WHAT IS REQUIRED: Wherever pictures appear in the listing below, leave them out, and copy exactly, and only, everything from the line with "Médaille commémorative de" down to the line with "重庆伟能兰德品牌管理有限公司logo设计图0".

AVAILABLE RECORDS:
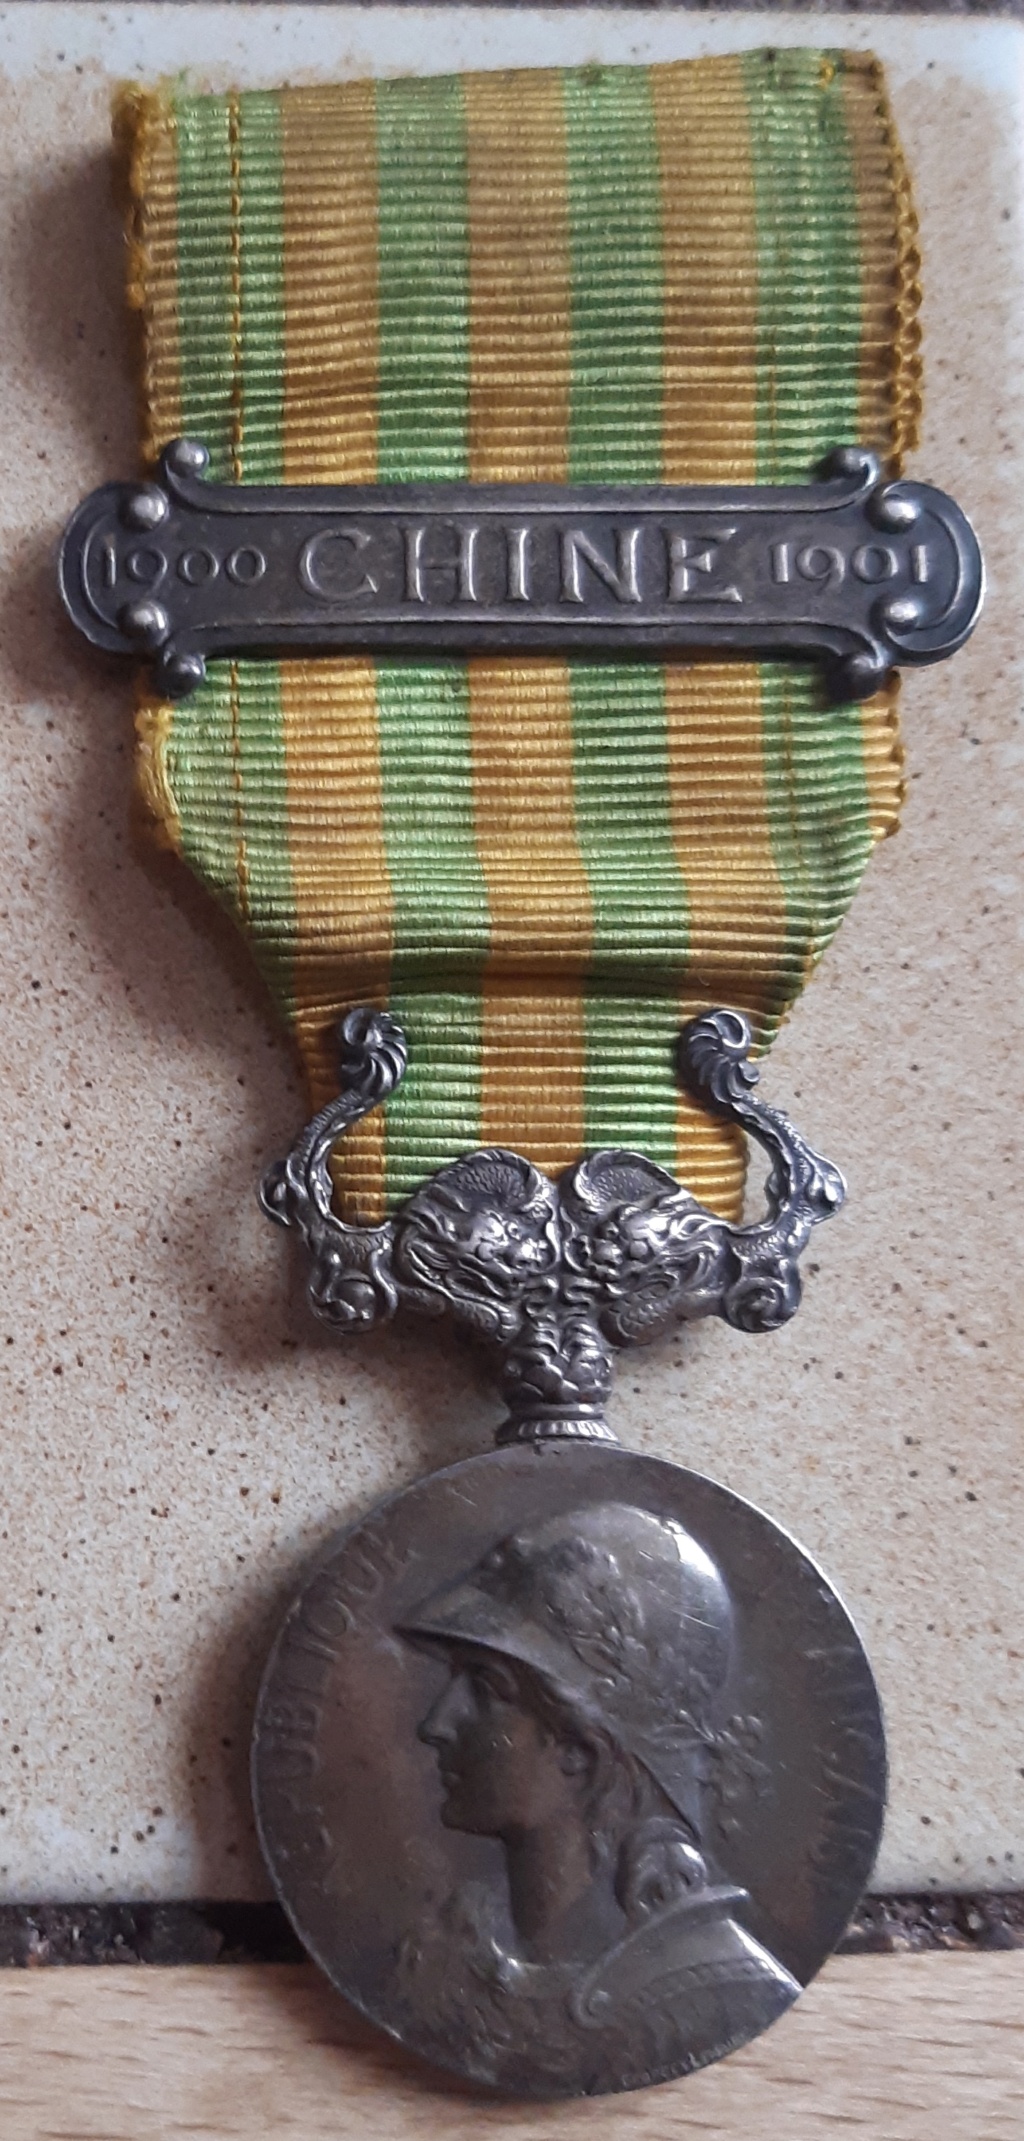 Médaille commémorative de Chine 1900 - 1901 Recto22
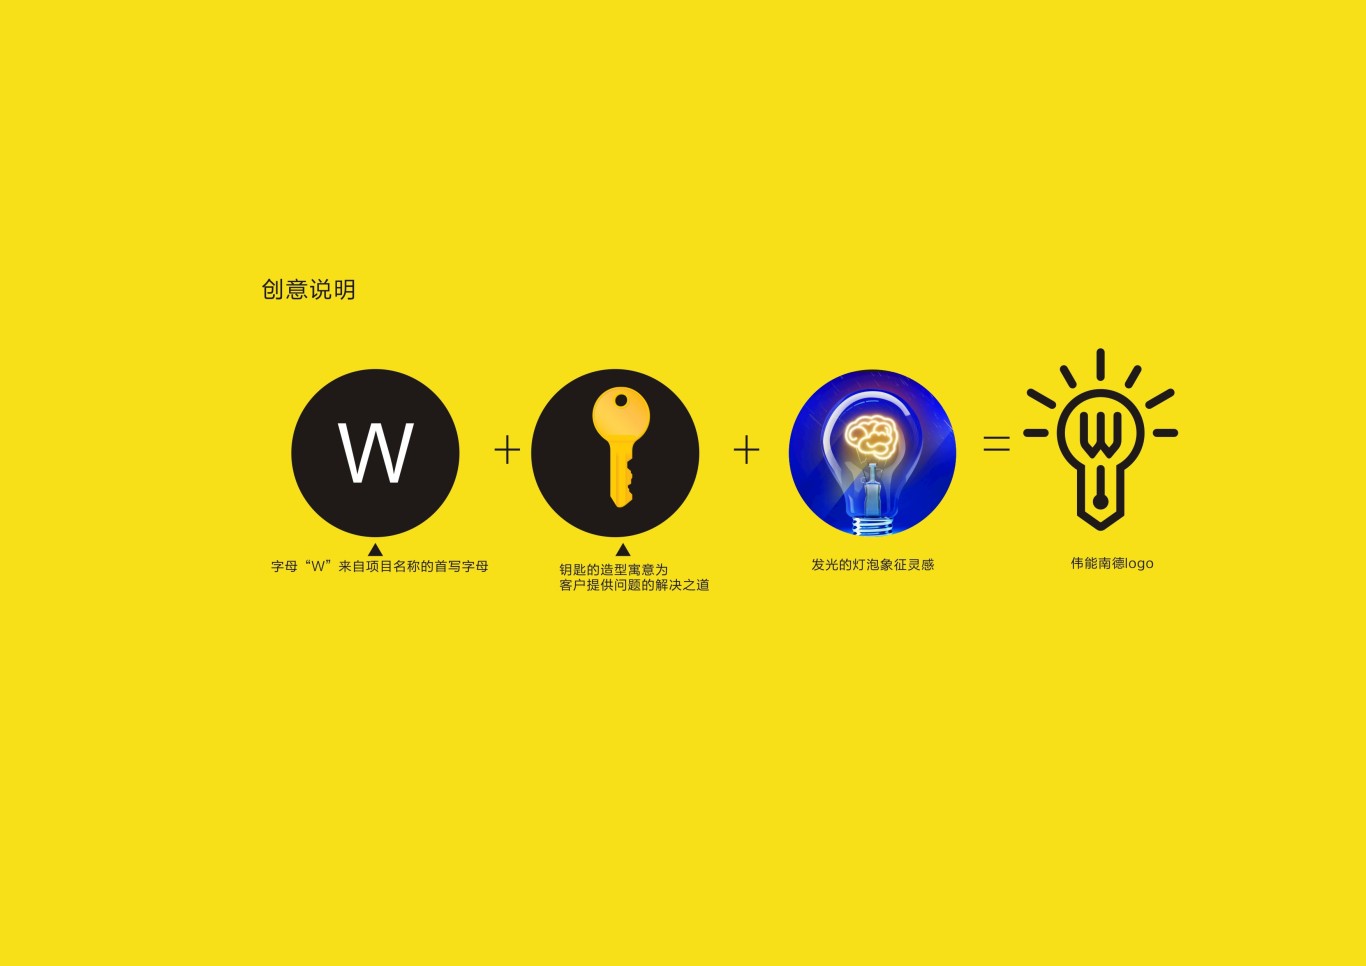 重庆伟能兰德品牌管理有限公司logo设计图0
...
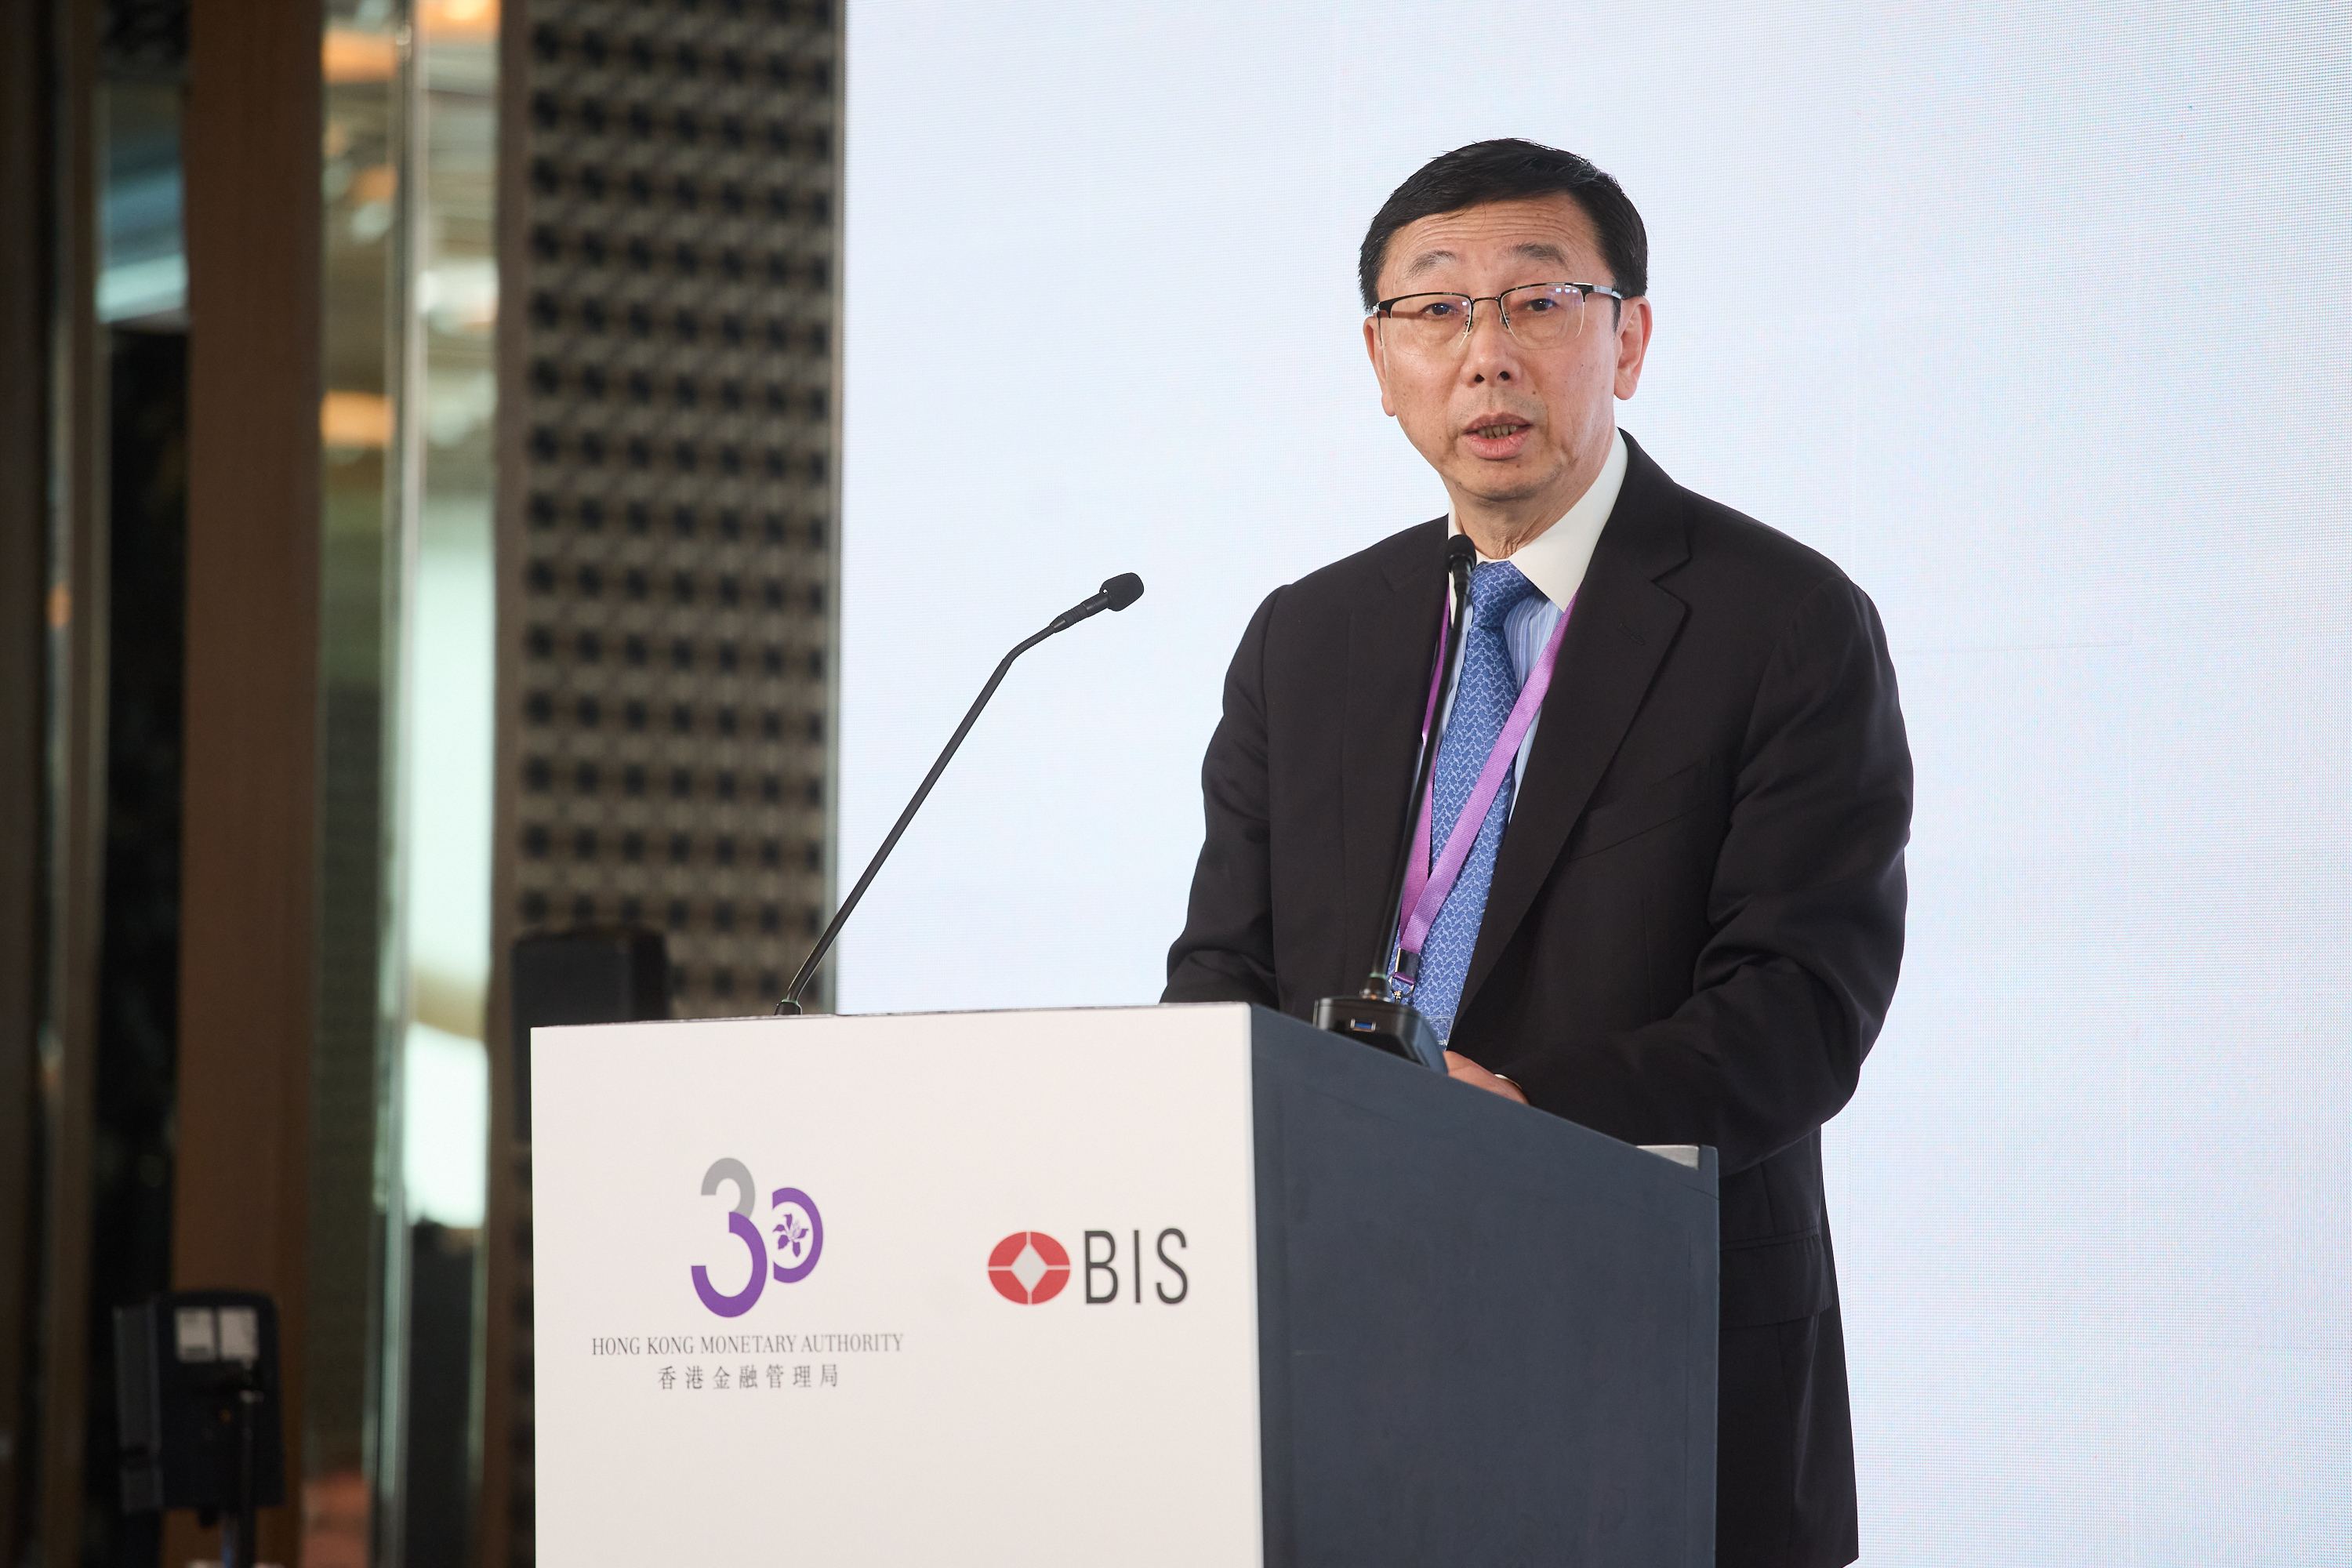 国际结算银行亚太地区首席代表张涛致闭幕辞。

YOUR RESPONSE:
 Médaille commémorative de Chine 1900 - 1901 Recto22
 重庆伟能兰德品牌管理有限公司logo设计图0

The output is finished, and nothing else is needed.